Stored data:
# # # #

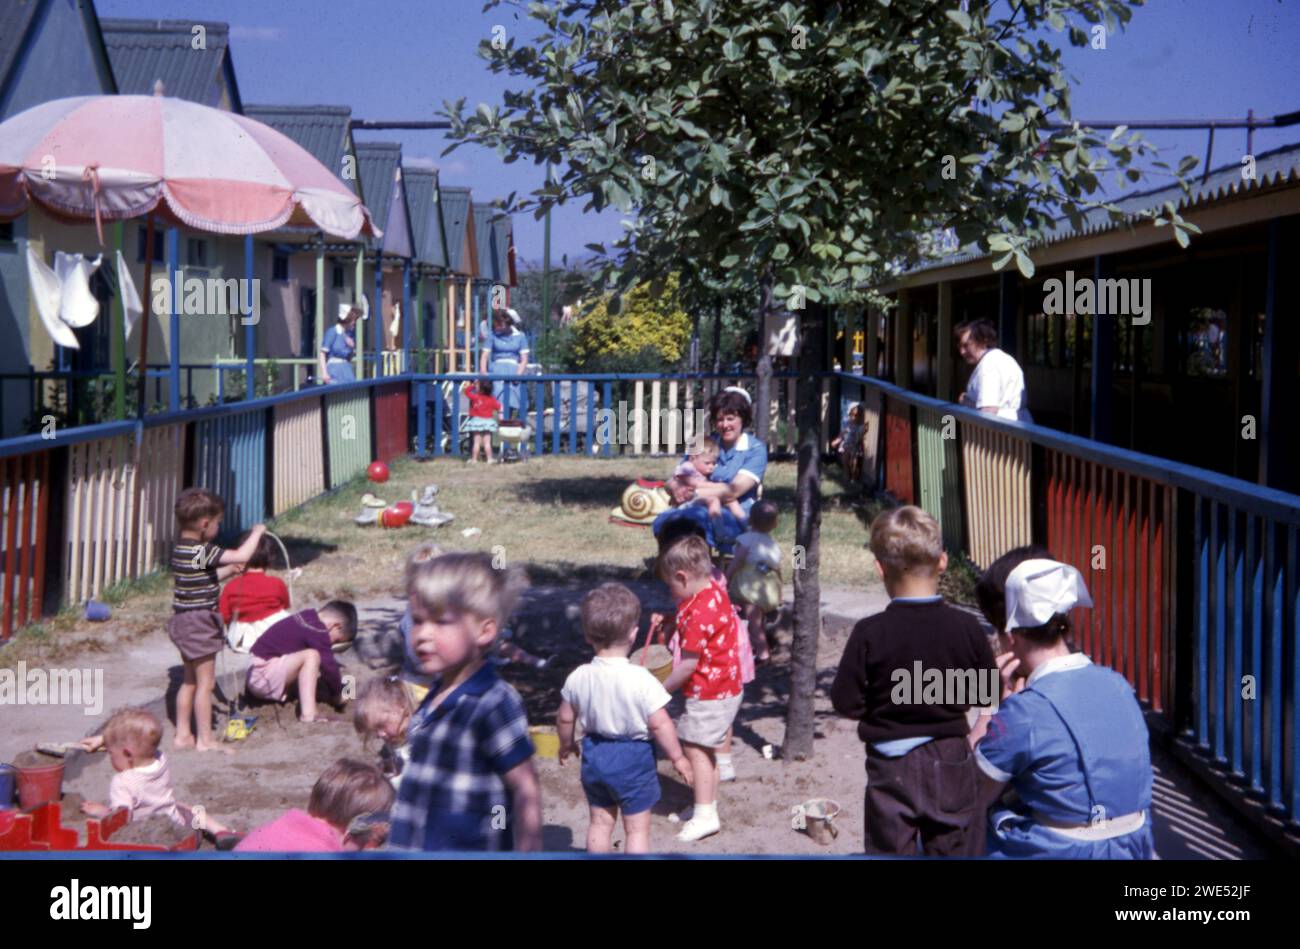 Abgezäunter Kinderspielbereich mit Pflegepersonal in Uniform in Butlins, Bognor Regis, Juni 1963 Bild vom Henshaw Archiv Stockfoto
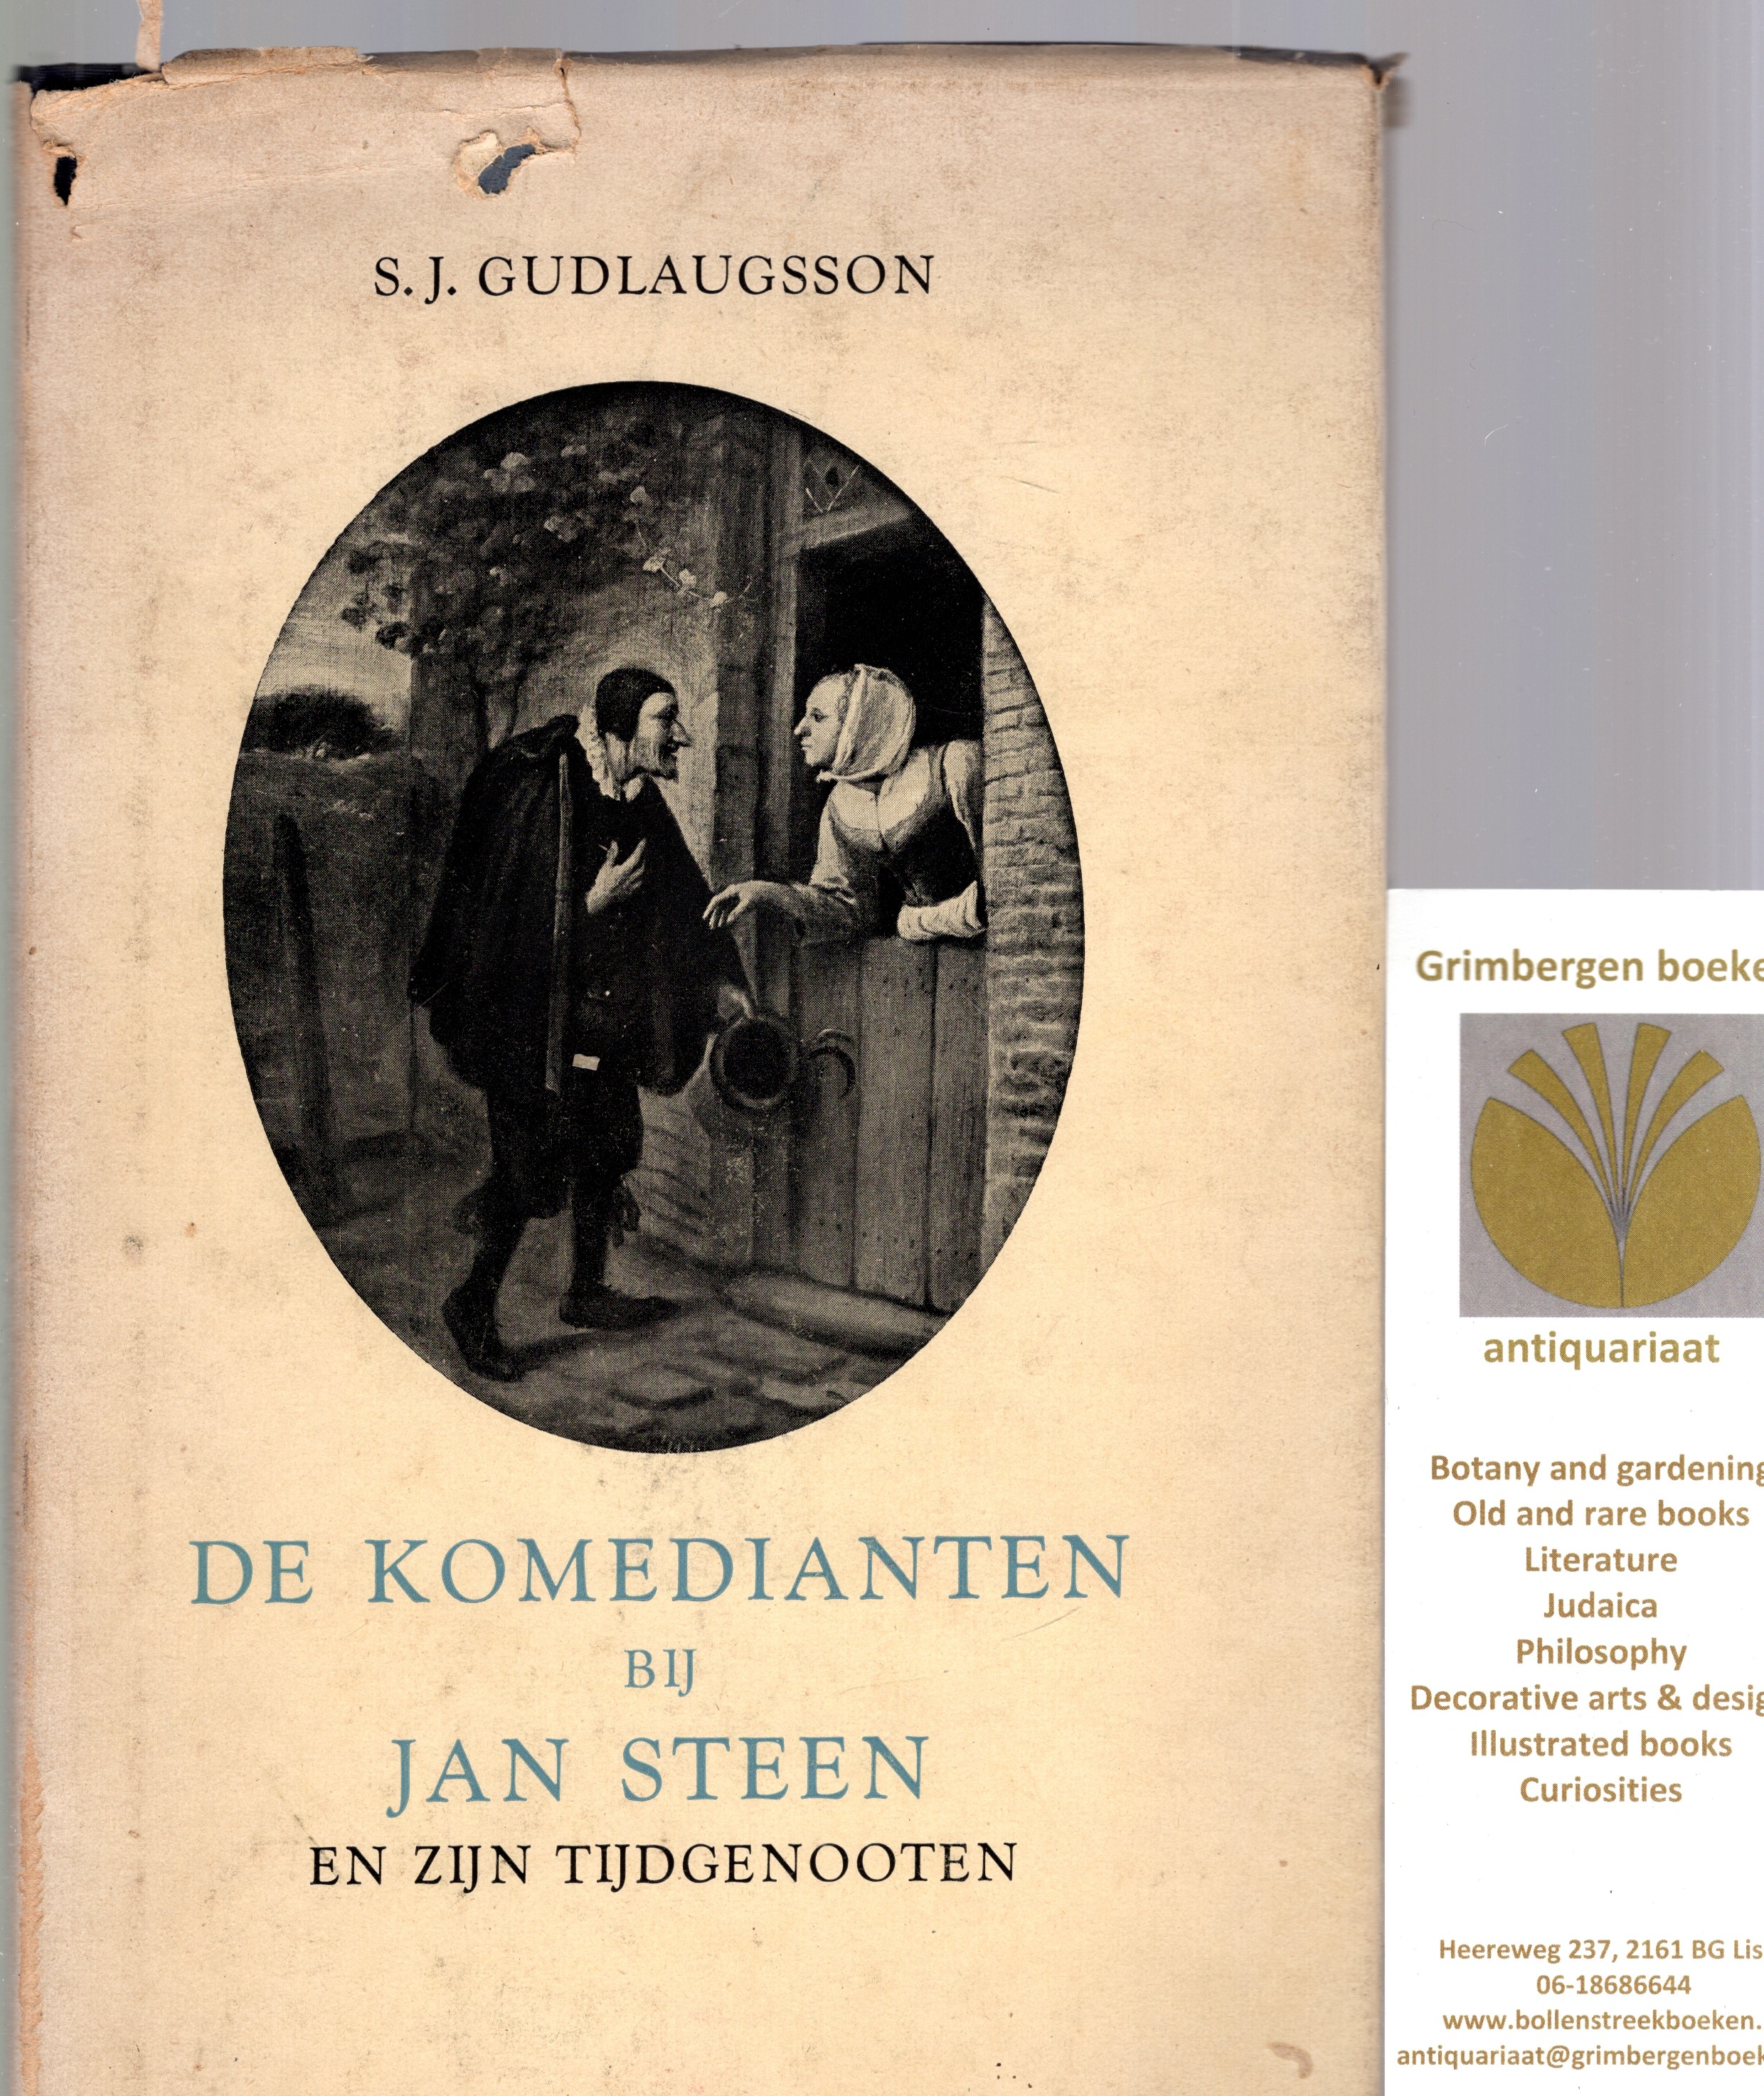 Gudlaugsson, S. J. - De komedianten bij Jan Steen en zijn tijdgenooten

# # # #

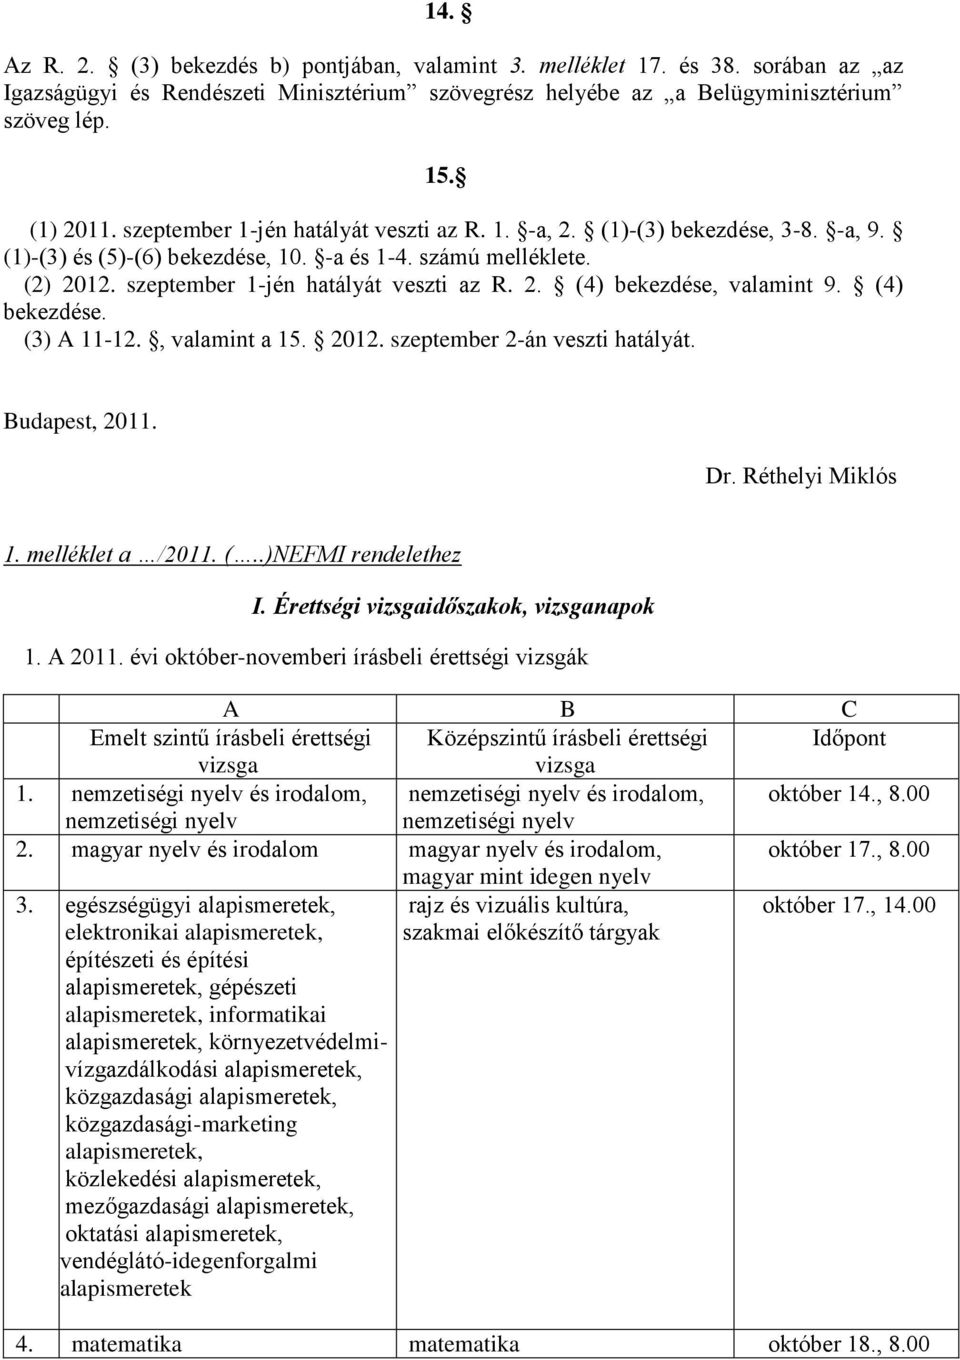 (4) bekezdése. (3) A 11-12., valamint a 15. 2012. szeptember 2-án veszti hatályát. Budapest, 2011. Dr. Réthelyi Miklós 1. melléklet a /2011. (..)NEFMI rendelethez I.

# # # #

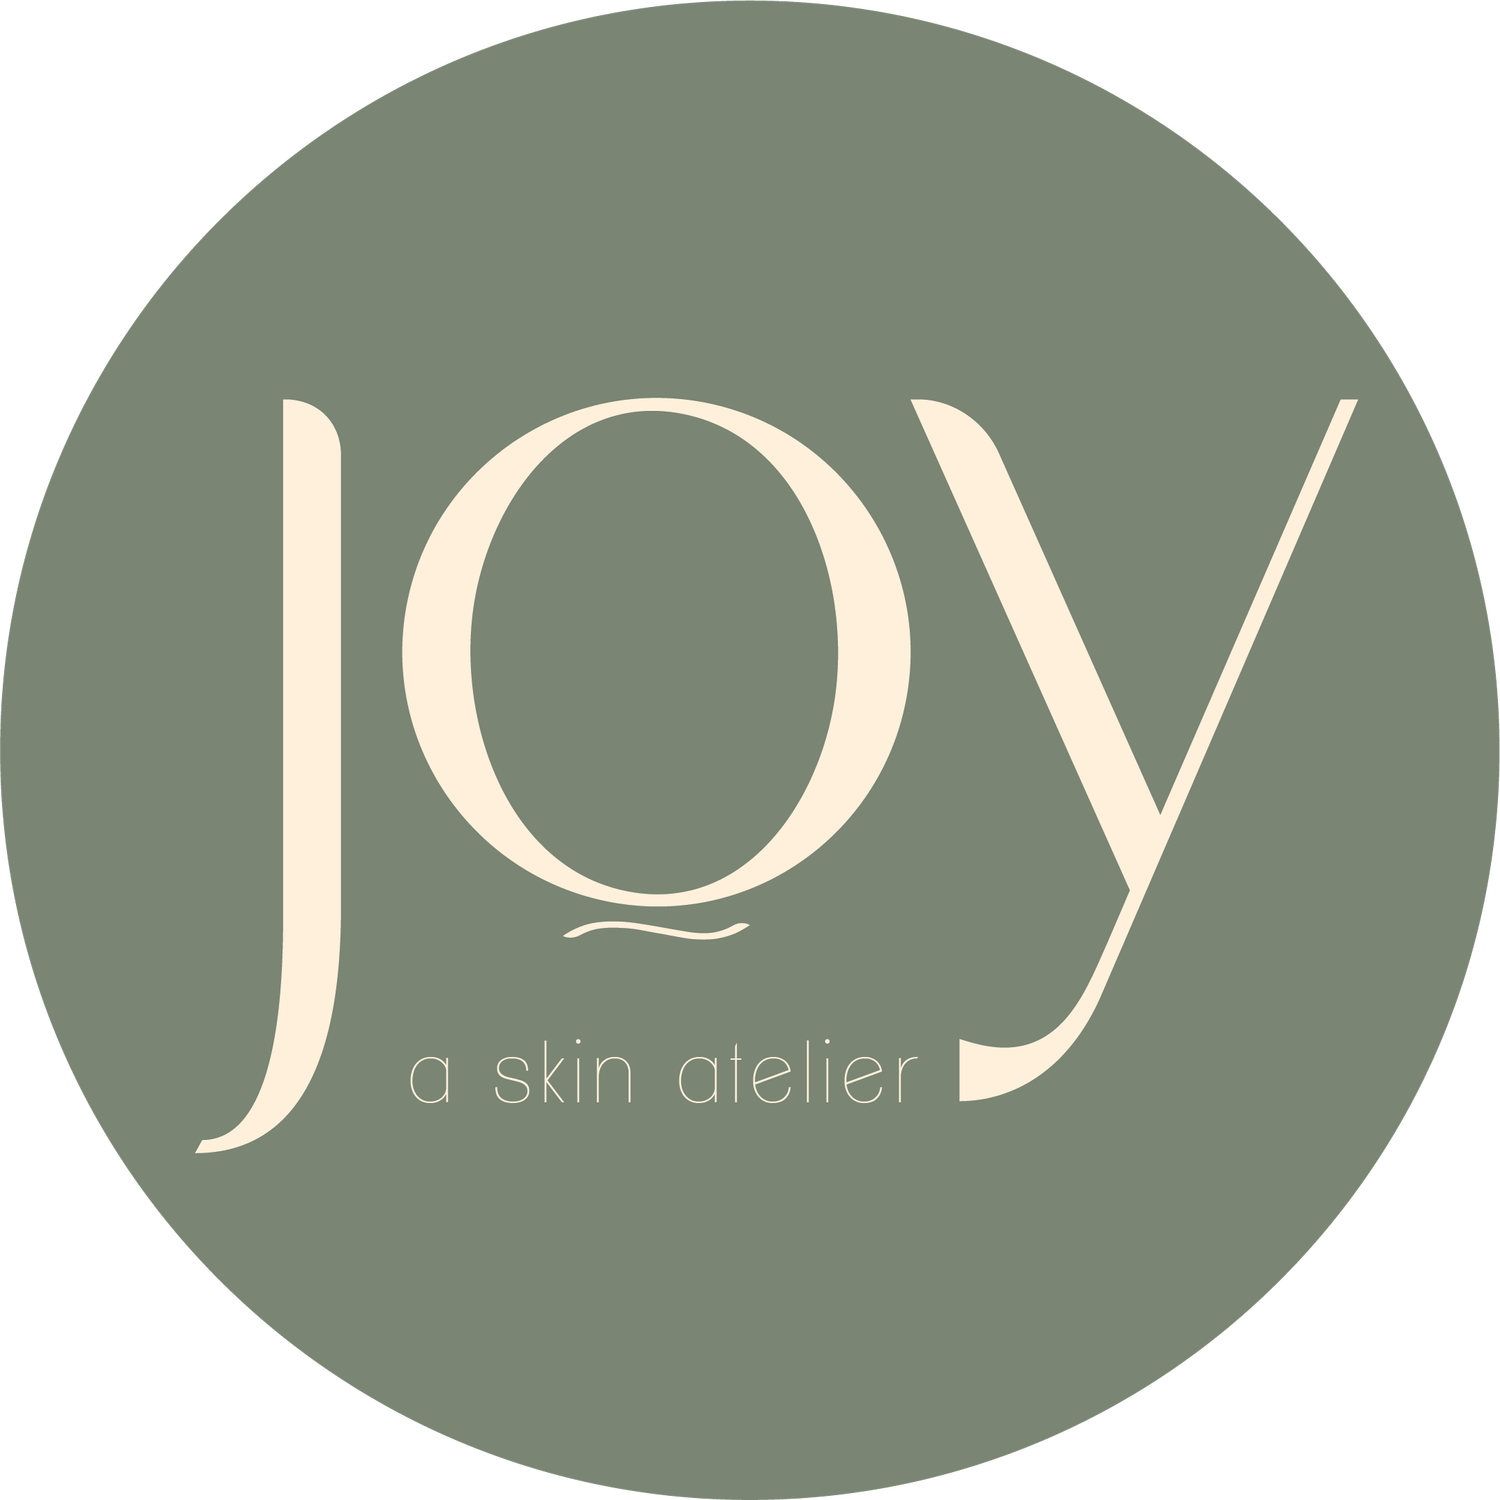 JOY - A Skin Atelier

# # # #

Required work: Exactly the lines starting at the one above with "Abgezäunter Kinderspielbereich mit" and ending at the one with "Gudlaugsson, S. J." should be printed, and nothing else. Omit the pictures.

Task solution:
 Abgezäunter Kinderspielbereich mit Pflegepersonal in Uniform in Butlins, Bognor Regis, Juni 1963 Bild vom Henshaw Archiv Stockfoto
 Gudlaugsson, S. J. - De komedianten bij Jan Steen en zijn tijdgenooten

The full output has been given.